Lately I've been playing with a bit of a fun side project. I have about a year and half worth of my own chatlogs with friends(and 65,000 messages total) and I've been playing around with them to find interesting statistics. One facet of my communication with my friends is that we link each other lots of things, and we can always tell when someone is linking something that we've already seen. So I decided an interesting bit of information would be to see who is the worst offender.
So we want to write a function that returns the number of items each person has relinked, excluding items they themselves linked. So I started off with the most simple implementation I could, and this was the end result:
from collections import defaultdict
from operator import itemgetter
from django.utils.html import word_split_re
from logger.models import Message
def calculate_relinks():
"""
Calculate the number of times each individual has linked something that was
linked previously in the course of the chat.
"""
links = defaultdict(int)
for message in Message.objects.all().order_by('-time').iterator():
words = word_split_re.split(message.message)
for word in words:
if word.startswith('http'):
if Message.objects.filter(time__lt=message.time).filter(message__contains=word).exclude(speaker=message.speaker).count():
links[message.speaker] += 1
links = sorted(links.iteritems(), key=itemgetter(1), reverse=True)
return links
Here I iterated over the messages and for each one I went through each of the words and if any of them started with http(the definition of a link for my purposes) I checked to see if this had ever been linked before by someone other than the author of the current message.
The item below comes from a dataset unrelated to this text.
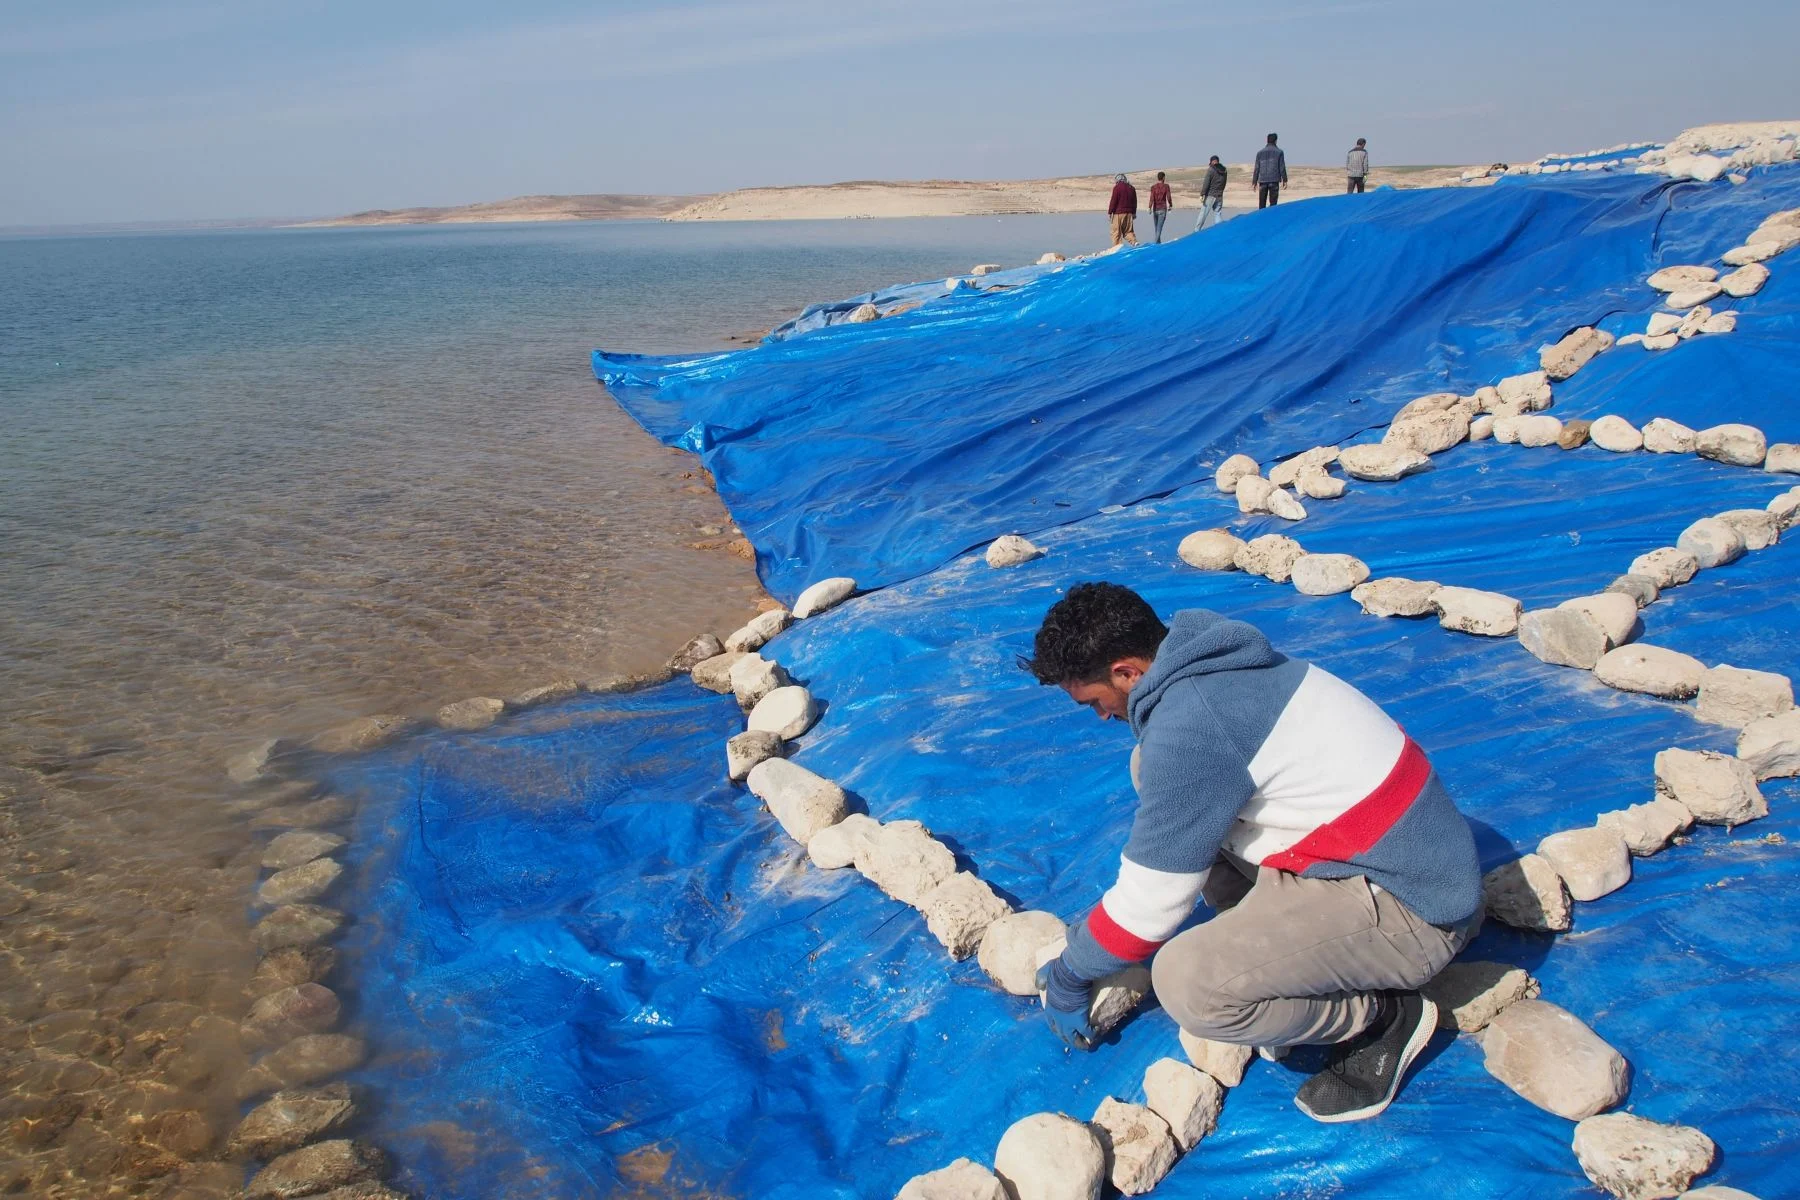 After the research team has completed their work, the excavation is covered extensively with plastic foil to protect it from the rising waters of the Mosul reservoir. (Universities of Freiburg and Tübingen, KAO)

This took about 4 minutes to execute on my dataset, it also executed about 10,000 SQL queries. This is clearly unacceptable, you can't have a view that takes that long to render, or hits your DB that hard. Even with aggressive caching this would have been unmaintainable. Further this algorithm is O(n**2) or thereabouts so as my dataset grows this would have gotten worse exponentially.
By changing this around however I was able to achieve far better results:
from collections import defaultdict
from operator import itemgetter
from django.utils.html import word_split_re
from logger.models import Message
def calculate_relinks():
"""
Calculate the number of times each individual has linked something that was
linked previously in the course of the chat.
"""
links = defaultdict(set)
counts = defaultdict(int)
for message in Message.objects.all().filter(message__contains="http").order_by('time').iterator():
words = word_split_re.split(message.message)
for word in words:
if word.startswith('http'):
if any([word in links[speaker] for speaker in links if speaker != message.speaker]):
counts[message.speaker] += 1
links[message.speaker].add(word)
counts = sorted(counts.iteritems(), key=itemgetter(1), reverse=True)
return counts
Here what I do is go through each of the messages which contain the string "http"(this is already a huge advantage since that means we process about 1/6 of the messages in Python that we originally were), for each message we go through each of the words in it, and for each that is a link we check if any other person has said it by looking in the caches we maintain in Python, and if they do we increment their count, finally we add the link to that persons cache.
By comparison this executes in .3 seconds, executes only 1 SQL query, and it will scale linearly(as well as is possible). For reference both of these functions are compiled using Cython. This ultimately takes almost no work to do and for computationally heavy operations this can provide a huge boon.